Security Feature Request: placeholders which explicitly prevent markdown injection

[furnivall]

Hi there,
At current, placeholders are able to be transformed into markdown if they are populated as such.

e.g. if you send [link](dodgy-link here) into ((your-placeholder-here)) it will render in your email.

This presents a compelling opportunity for an adversarial attacker to utilise gov notify's relative respectability as a phishing vector which both appears legitimate and gets through spam filters.

A potential suggestion would be to have specific fields that are populated in user input denoted within the template using some type of new syntax (e.g. ({safe-placeholder})) which gives protection at the template level.

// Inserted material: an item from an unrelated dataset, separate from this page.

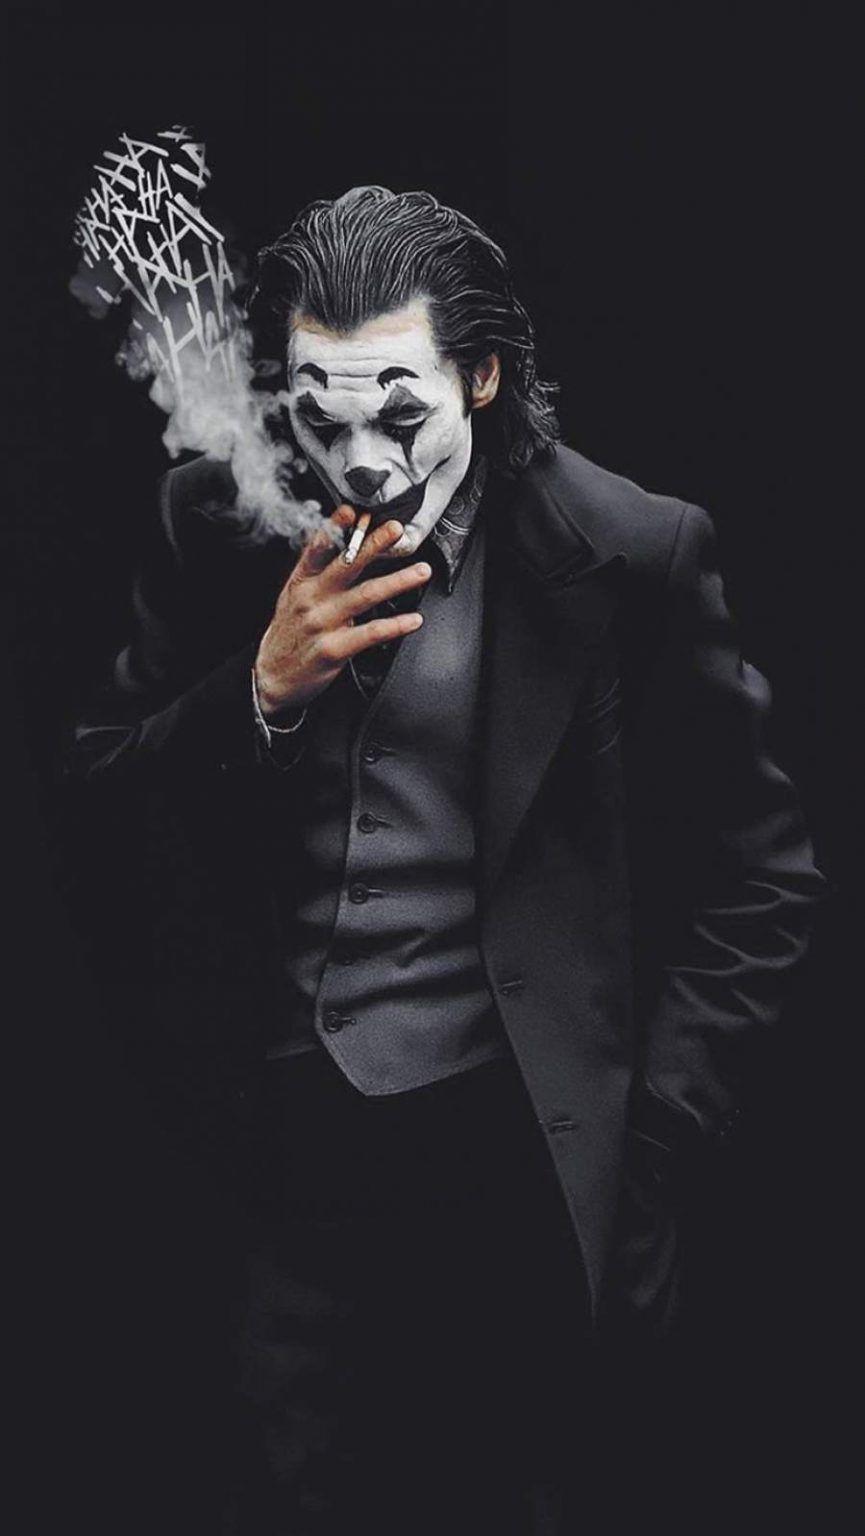 Joker Smoke Laugh Iphone Wallpaper Iphone Wallpapers Iphone Wallpapers In 2021 Joker Wallpapers Joker Hd Wallpaper Hipster Wallpaper Joker 2021 hd wallpaper for mobile
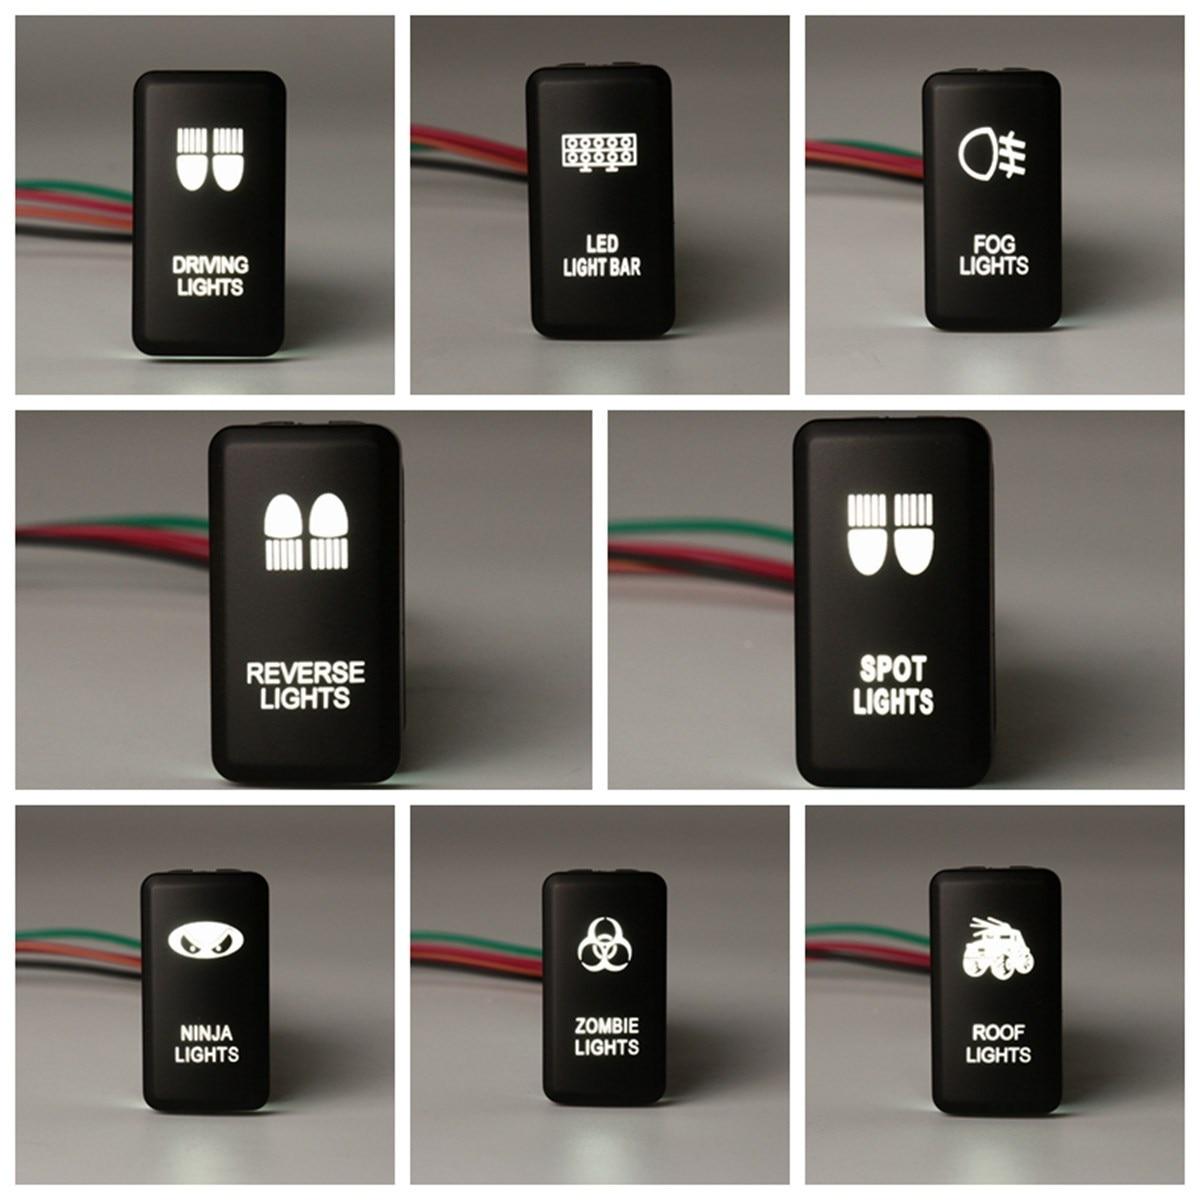 1x Dual White ON/OFF LED Light Bar Push Switch For Toyota Landcruiser Hilux Prado 120 /FJ CRUISE

Gov notify could then choose to not send that email, throw an error or even alert the responsible template holder.

It would also allow your team to spot adversarial behaviour patterns via logging.

Hope this is helpful.

[quis]

Hi @furnivall, thanks for writing this up.

It’s not documented, but you can use the code syntax in Markdown to effectively mark a block of text as ‘unsafe’.

For example

```
hello [link](dodgy-link here)
```

will render as-is, without the link being converted to HTML. We are probably going to document this explicitly and make sure it continues to be supported in the future.

You would still need to escape the content if you wanted to put it inside some other Markdown, for example a heading:

# Hello ((name))

[furnivall]

@quis - that's a great wee solution. If you could let me know when the documentation change happens I'd be grateful for informing the non-techies!